The Development of the Auto Industry: Short and Long Term Solutions to Harmful Emissions

The auto industry is slowly shifting to develop more eco friendly cars, as CAFE regulations has increased to 54.5 mpg by 2020. Not only are there regulations on fuel emissions in the U.S., but the Chinese government has also begun to regulate the auto industry as well. The Chinese government is subsidizing the production of hybrid and electric vehicles in order to get a minimum of 5 million electric and hybrid vehicles on the road by 2020. Companies such as Nissan have begun to mass produce electric cars such as the Nissan Leaf, however, the majority of these production lines have been stopped due to a lack of profitability. This lack of profitability can be attributed to poor battery life and lack of charging stations. Hybrids and Electric vehicles thus only represent a short term solution to the emission problem. Electric vehicles can only be used for short trips, while hybrids are too expensive for the average consumer. This makes these vehicles less practical and not very popular among the average consumer.

What many car manufacturers view as the long term solution to the emission problem are fuel cell electric vehicles (FCV). These FCV’s are powered using hydrogen and only emit water and can travel up to 700 kilometers on one tank of hydrogen. Toyota revealed its plans to create an FCV in 2013, it is going to be introduced to the market in 2014, mainly in California. By 2015 Toyota hopes to build 50 hydrogen charging stations throughout California. The FCV is considered a better solution than the problems associated with battery operated vehicles, the only potential with the FCV is insuring a competitive price for hydrogen.

Moving forward, engineers will continue to make changes to the internal combustion engine to meet CAFE standards. This will serve as a bridge until more eco friendly vehicles become commercially viable. The FCV is looked upon by many players in the auto industry as potentially the future of eco friendly vehicles. It represents a cheaper alternative to electric vehicles, which makes it easier to be purchased by consumers in emerging markets. The ability to make cheaper FCV cars is crucial moving forward because it represents a way to lower automobile emissions as well as allow the auto manufacturers to target consumers in poorer emerging market countries.

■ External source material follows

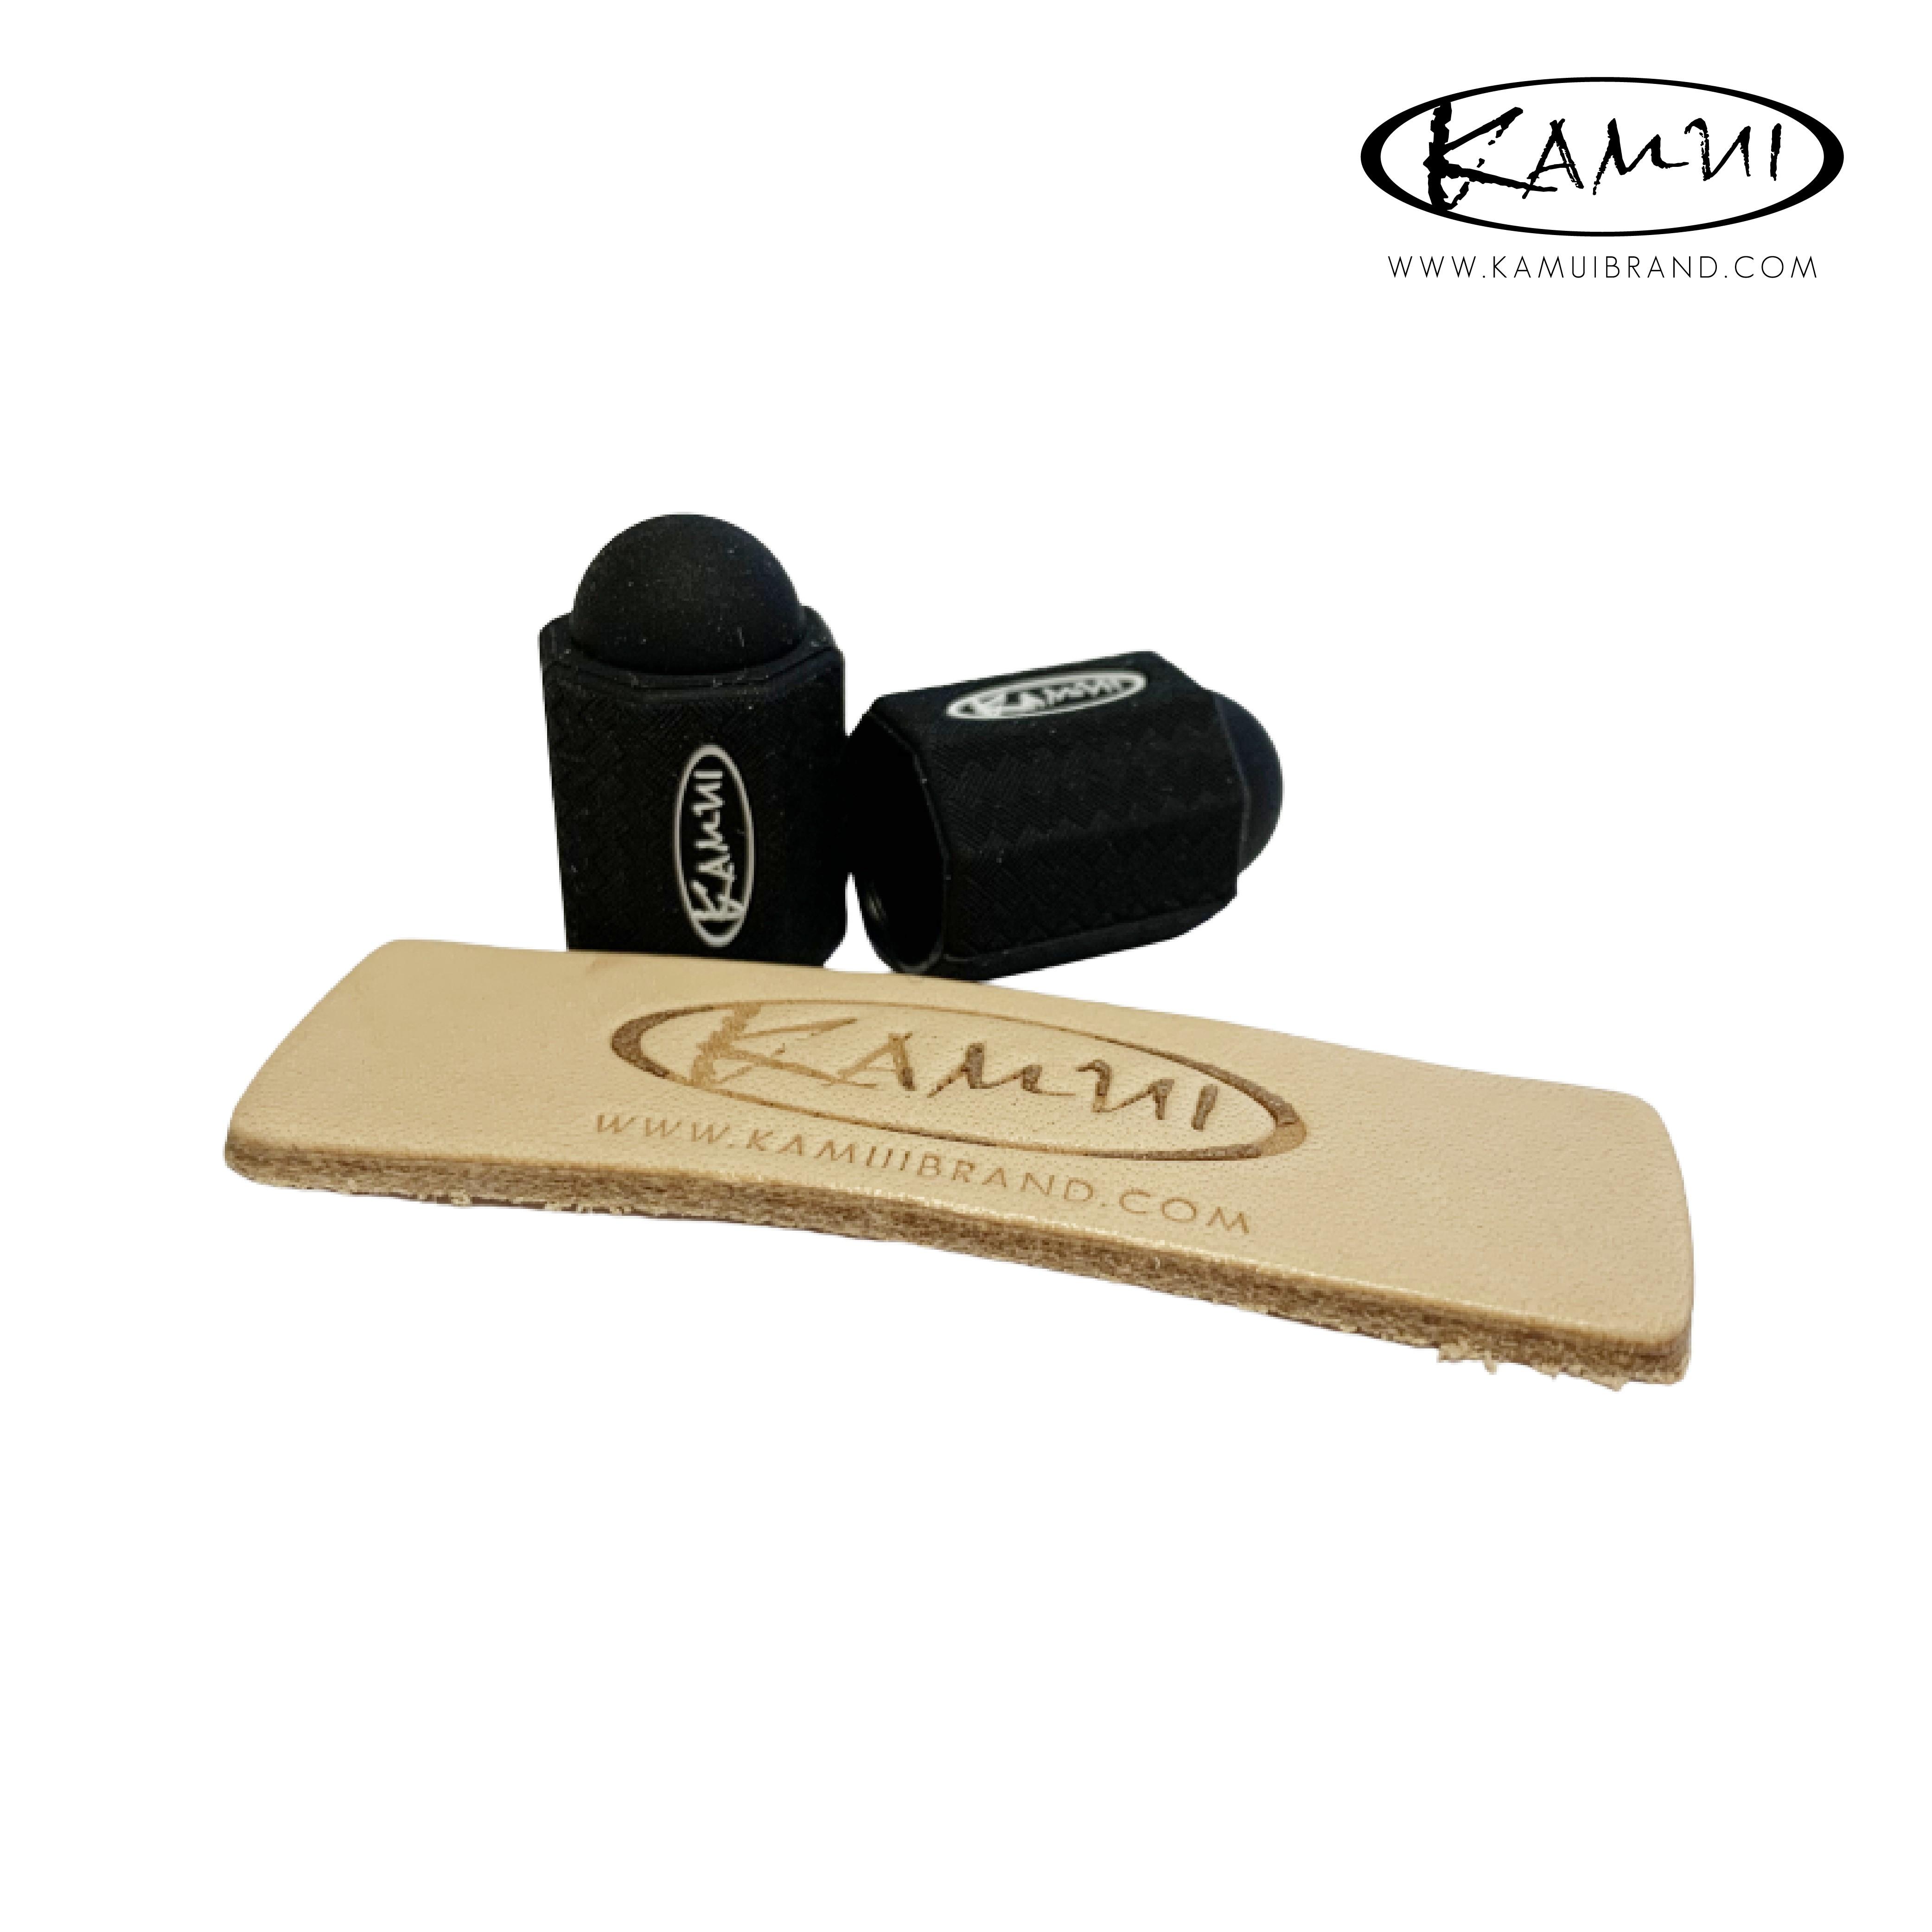 Набор для защиты бильярдной наклейки Kamui Tip Protector/Tip Burnisher ø11.75-14мм черный

2 comments to The Development of the Auto Industry: Short and Long Term Solutions to Harmful Emissions

  • Kade Kenlon

    What many people forget is that electric vehicles still require the burning of fossil fuels to gather that energy. Water as a source of energy potentially completely free from burning fossil fuels. However, FCV are definitely a long-term project as the development of these vehicles is no where near electric much less gasoline. To make a successful FCV it needs to have the same driving ability as an internal combustion engine. People have grown up with those cars for decades and the exhilaration that comes with driving a gasoline powered car has yet to be matched by any other power source. Most consumers don’t want to give up that power that an internal combustion provides for a car. Other than the car itself, like you mentioned, charging stations will need to be quick, cheap, and plentiful. But, for the short term, electric is most likely the best option.

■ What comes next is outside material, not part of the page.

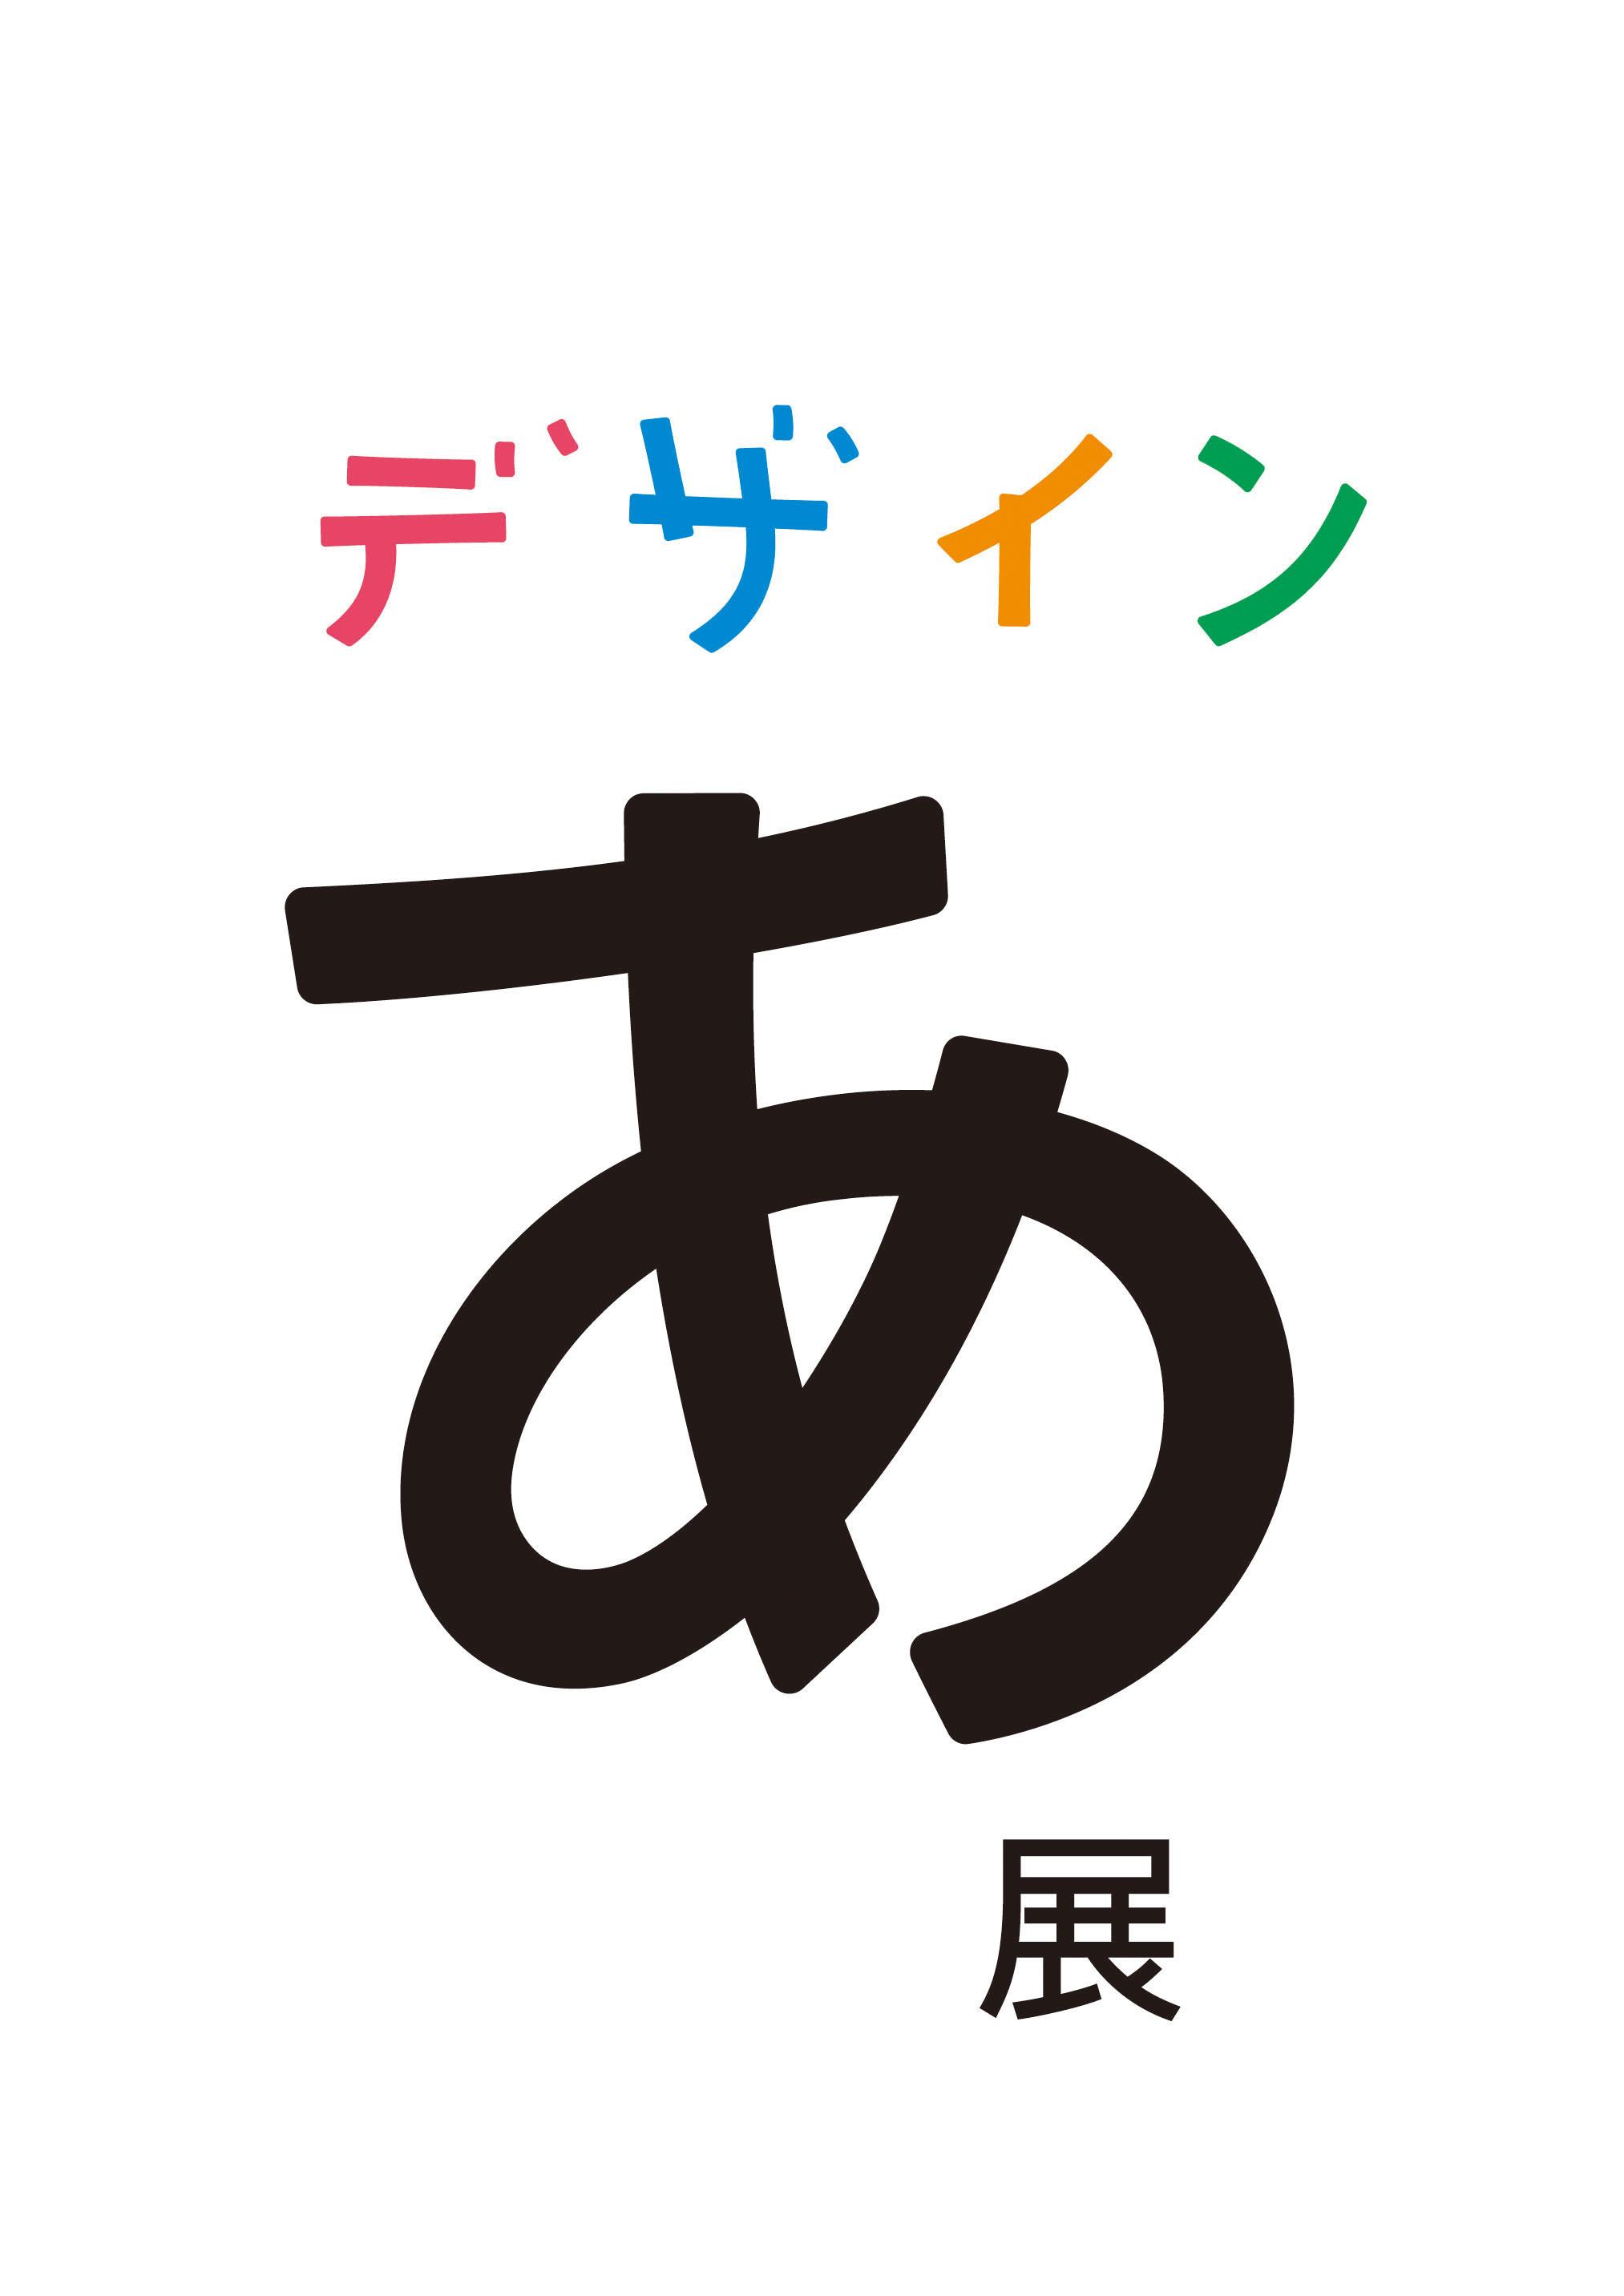 デザインあ展 / 2013, 2018〜 | ロゴマーク

  • Fuel cell vehicles turn out to have many disadvantages, in effect you have a power creation source (the fuel cell) on top of batteries (since demands for power are more variable than fuel cell output). Hydrogen remains a huge problem, because it’s hard to store. Instead, why not just rely on batteries alone, and allow economies of scale in power generation? A simple comparison: on many criteria a big stationary fuel cell beats out multiple small mobile ones.
    Now in China the parking I’ve seen in high-end apartment buildings comes with power outlets, though perhaps not with the amperage needed for a battery electric vehicle. But my sense is that driving distances remain short, and so that barrier is less than in the US. The real problem remains up-front cost, which subsidies do not overcome. In effect, the Chinese government says they want it, but as with consumers, when push comes to shove, or shopping turns into purchase, the government isn’t willing to pay what it takes.
    Yes, they’re pulling technology along a bit, but hopes for a speedy transition have turned out not to be realistic, as costs for batteries aren’t falling fast enough, and the investment needs to actually transition to BEVs remain huge and even with a breakthrough, adding capacity for batteries and motors and power controllers and redesigning vehicles would still take over a decade.